■ **Extracted entries**:
::::::::::
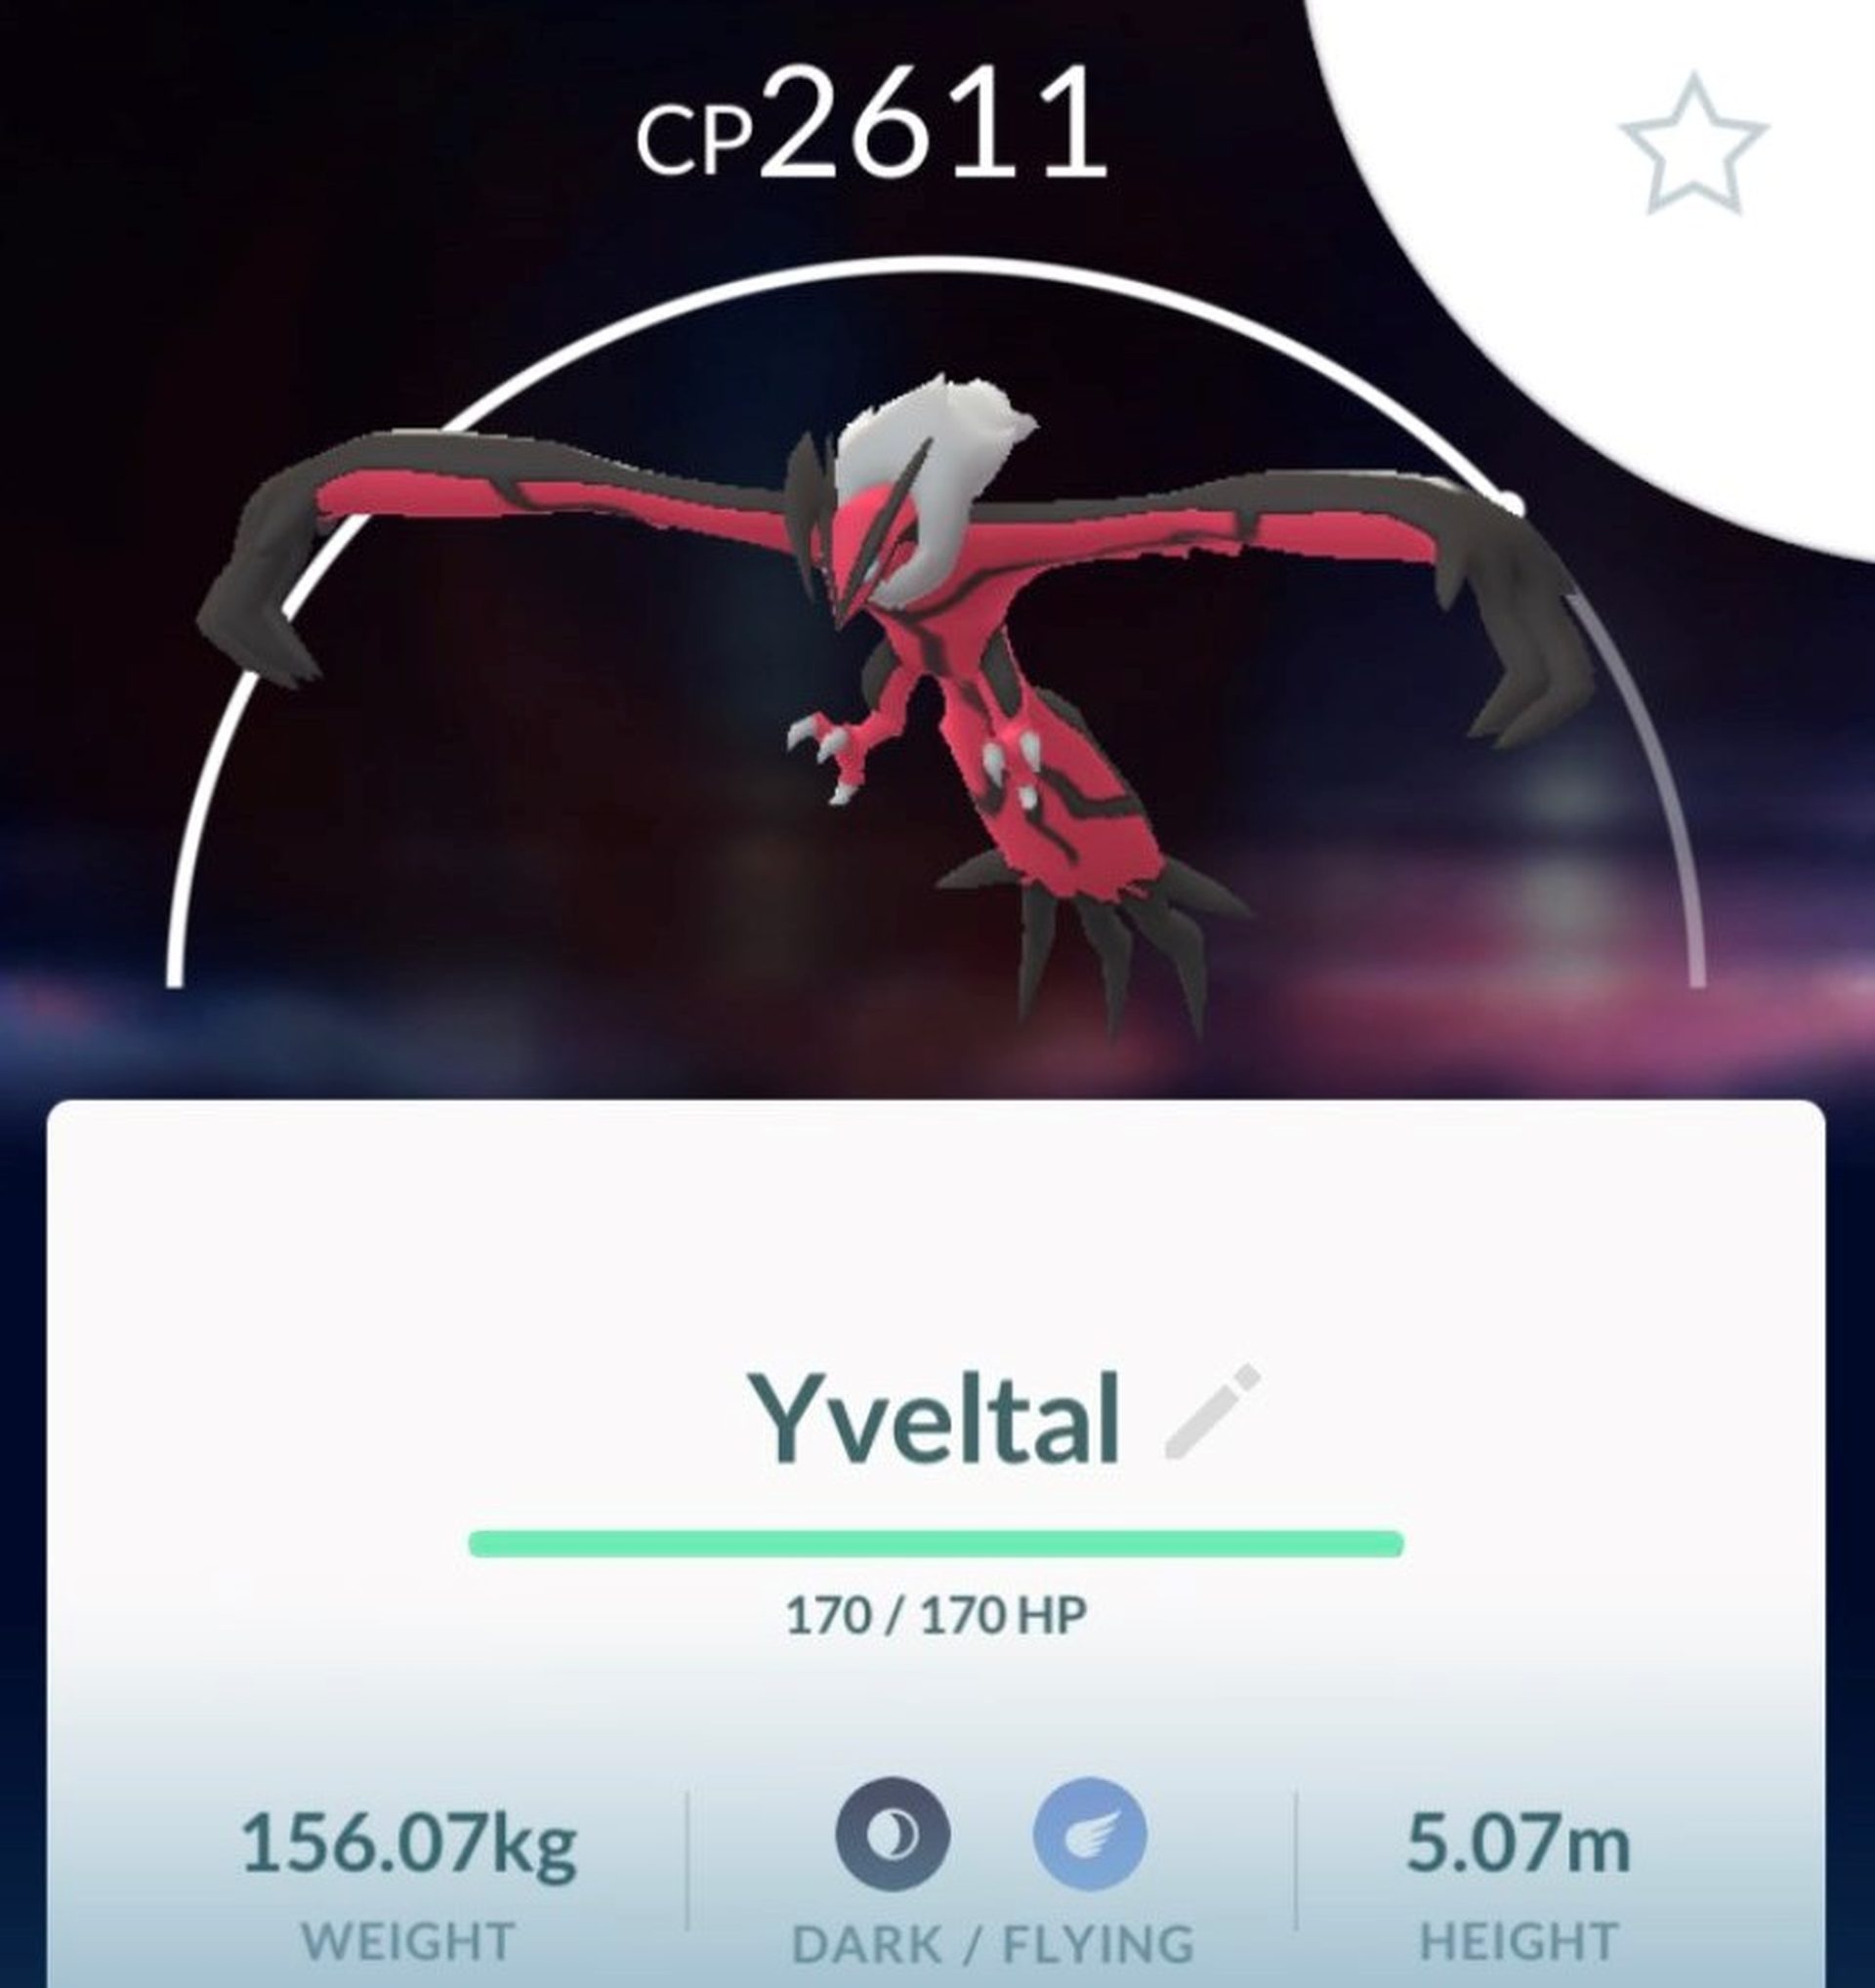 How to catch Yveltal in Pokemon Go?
::::::::::
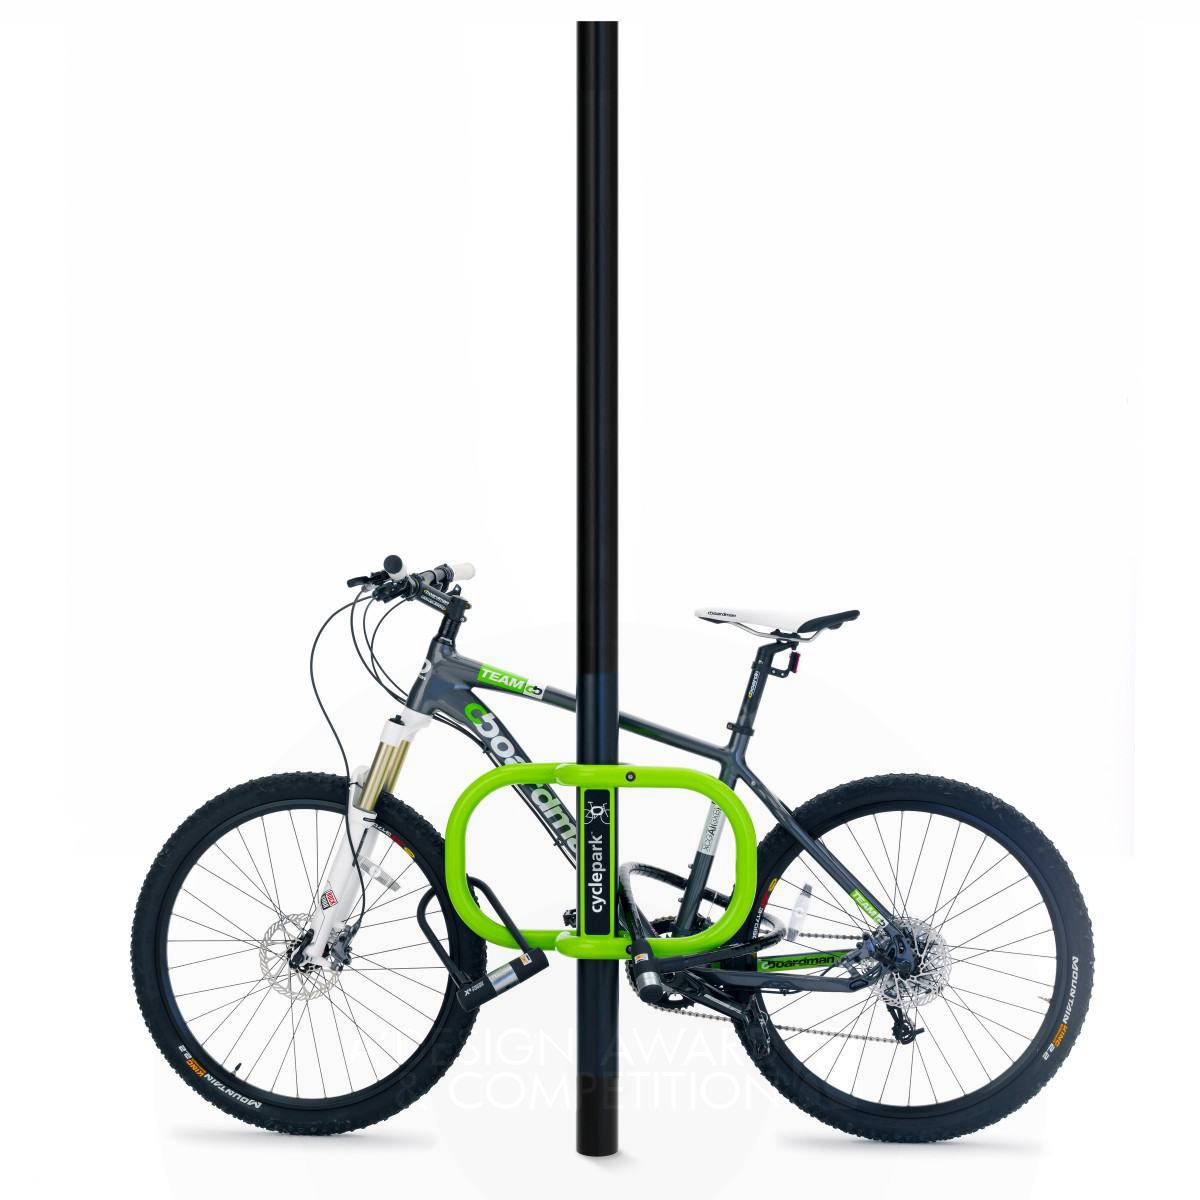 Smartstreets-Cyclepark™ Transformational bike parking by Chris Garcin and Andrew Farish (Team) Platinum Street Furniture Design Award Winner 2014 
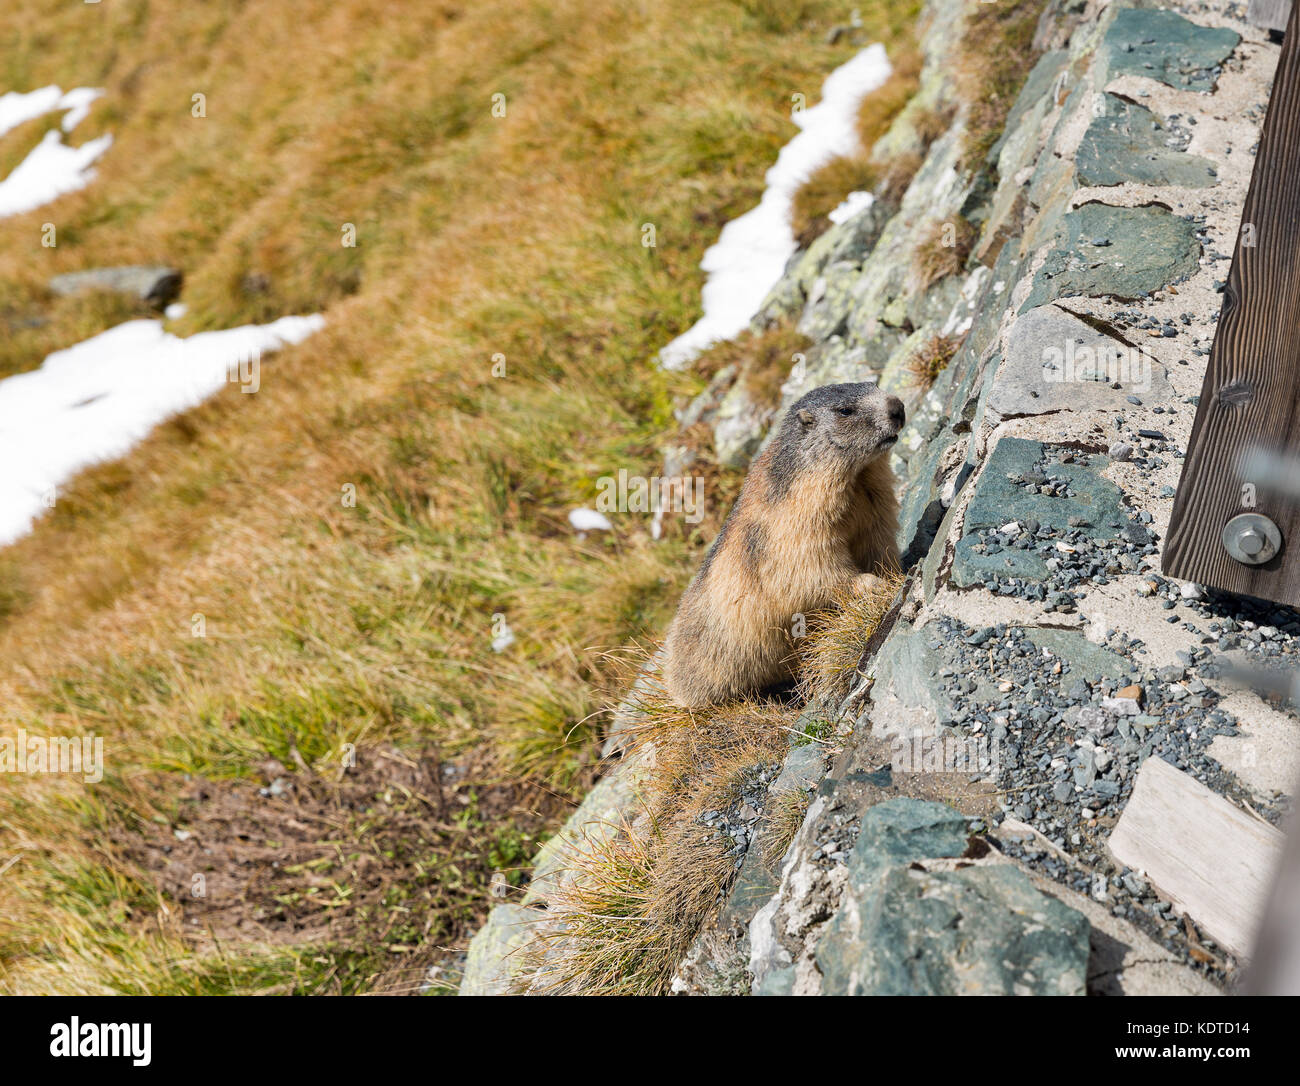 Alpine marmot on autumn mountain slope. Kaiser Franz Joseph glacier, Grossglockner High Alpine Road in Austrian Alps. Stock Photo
::::::::::
■ **What you have to do**: Using the listing above, repeat word for word each line from the one with "Smartstreets-Cyclepark™ Transformational bike" down to the one with "Alpine marmot on", both included. Omit all pictures.

■ **Result of this exercise**:
 Smartstreets-Cyclepark™ Transformational bike parking by Chris Garcin and Andrew Farish (Team) Platinum Street Furniture Design Award Winner 2014 
 Alpine marmot on autumn mountain slope. Kaiser Franz Joseph glacier, Grossglockner High Alpine Road in Austrian Alps. Stock Photo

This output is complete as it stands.